Board game published in 1965

Box cover of 3M edition, 1963

High-Bid is a board game published in 1963 by 3M that simulates the buying and selling of items via auction. The game was acquired in the mid-1970s by Avalon Hill and re-published under two titles: The Collector and Auction.

==Contents==
High-Bid is a game in which players complete collections of rare items and make money buying and selling to other collectors.

===Gameplay: 3M===
In the editions published by 3M, a player may acquire items via auction, and may sell items in their hand to other players for a value indicated by a die roll. This can be anywhere from 25% to 100% of the property's theoretical value. Players attempt to put together a set of related items. The first player to attain a worth of $5000 in completed sets and cash is the winner.

===Gameplay: Avalon Hill===
In the editions published by Avalon Hill, the amount needed to win was raised to $7500. Also, a "Rich Collector" can appear via a Special Events card deck to purchase at full price items of the most expensive collections. In addition, a "Buyer's Card" can be used as a wild card to complete a set.

==Publication history==
Larry and Pearl Winters designed High-Bid and it was published by 3M in 1963. It sold well, and 3M came out with new editions in 1964, 1965, 1967, 1968, 1970 and 1975. Avalon Hill then acquired the license for the game, and produced a new edition titled The Collector in 1977, and an edition with the title Auction in 1989.
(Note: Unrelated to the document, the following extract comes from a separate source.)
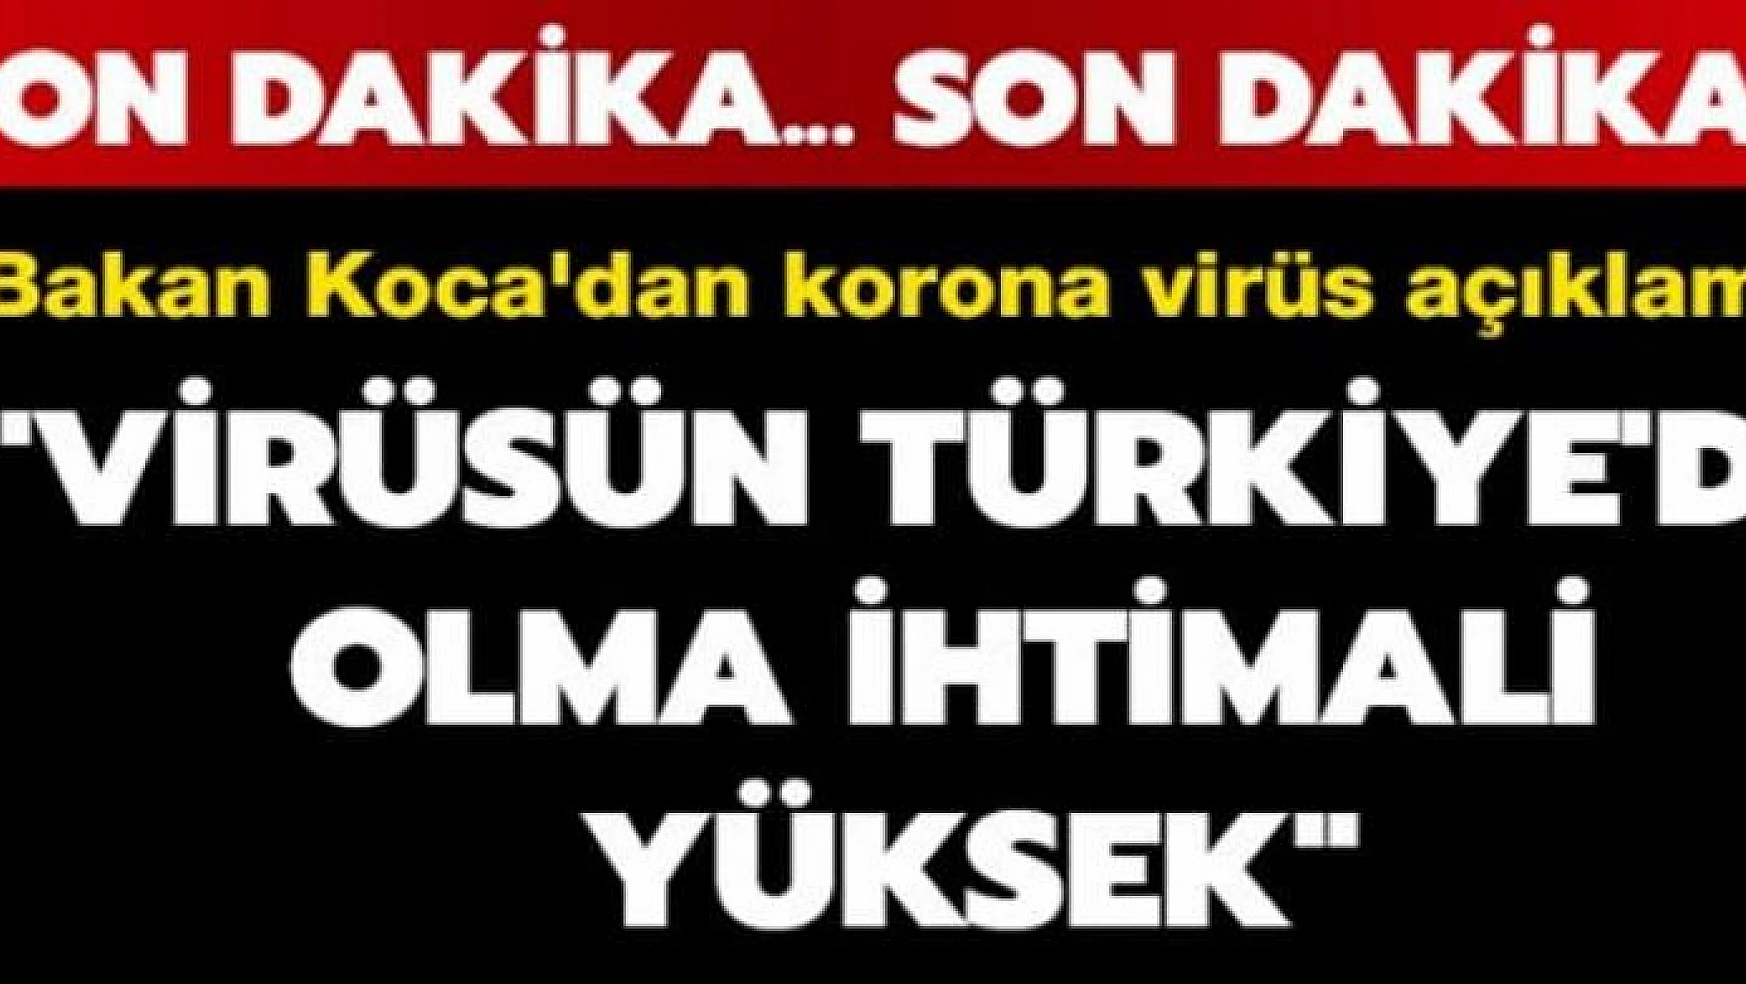 Bakan Koca'dan korona virüs açıklaması: Bu salgının şu anda Türkiye'de olma ihtimali çok yüksek
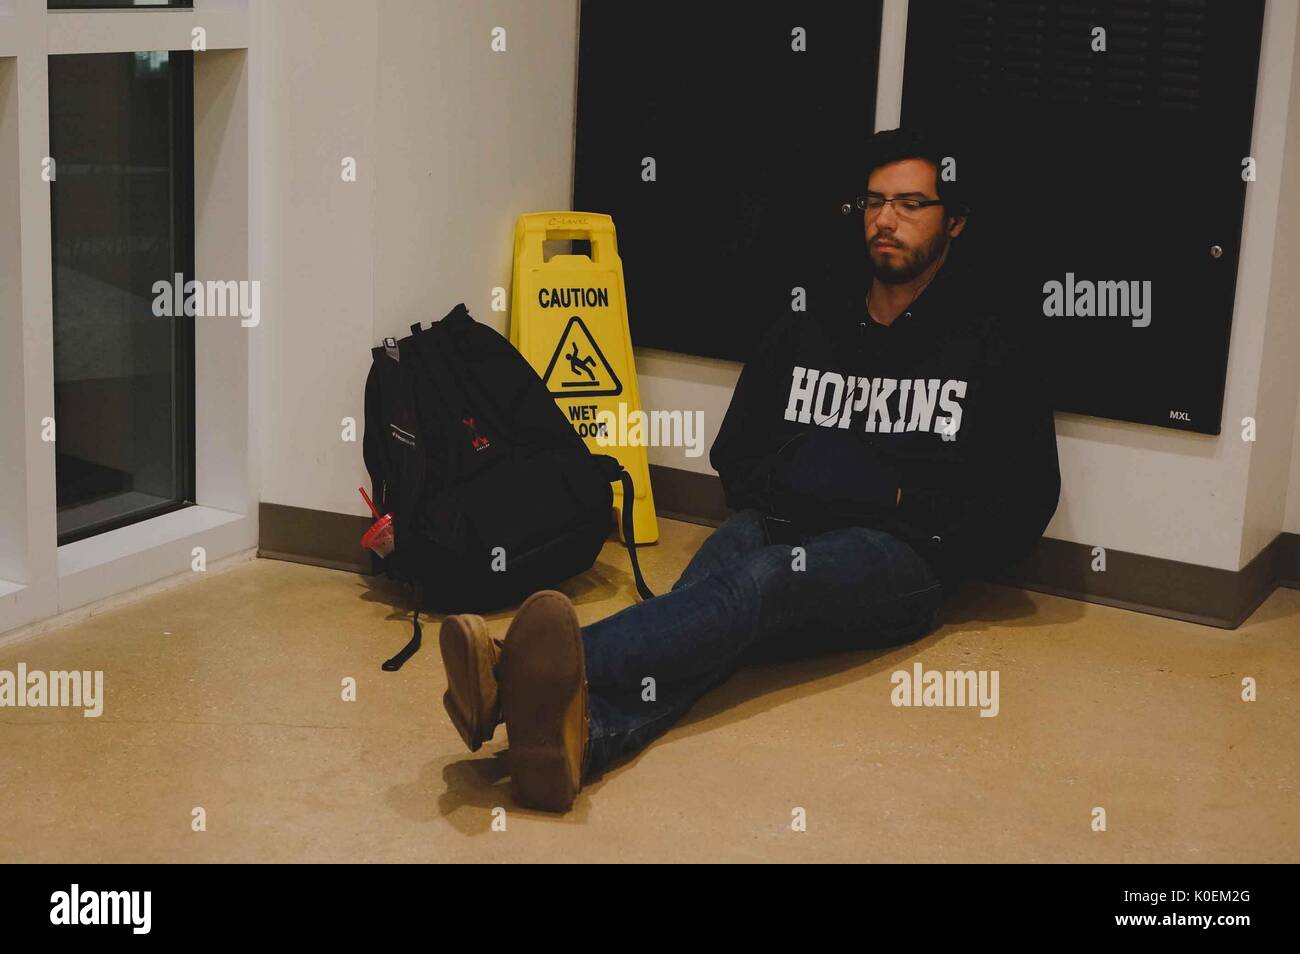 Uno studente di college prendendo un pisolino mentre posa contro una parete in brody learning commons, il suo zaino e un segnale di avvertimento pavimento bagnato sedersi accanto a lui, 2014. cortesia eric chen. Foto Stock

In 1989, Swedish publisher Casper created a Swedish-language edition titled Första, Andra, Tredje! (First, Second, Third!)

==Reception==
In A Player's Guide to Table Games, John Jackson noted that "In practice, the completion of one or two medium-value sets is enough to win; the high-value sets take too long to collect." He concluded "If gratuitous awards for rolling the right number on a die or landing on the proper space is your idea of excitement, then High Bid [...] may afford you hours of fun. Otherwise, look elsewhere."

In The Playboy Winner's Guide to Board Games, Jon Freeman thought the Avalon Hill edition titled The Collector "is certainly a better game than High Bid was. Unfortunately, that's still not saying much."

Although the game had been a popular product for 3M for over twenty years, The Avalon Hill Game Co. General Index and Company History, 1952-1980 reported in 1980 that their edition titled The Collector "has never sold well."

Ian Livingstone reviewed Auction for Games International magazine, and gave it 2 1/2 stars out of 5, stating that "As a person who enjoys going to auctions, I'm afraid I found this simulation rather disappointing despite its promise."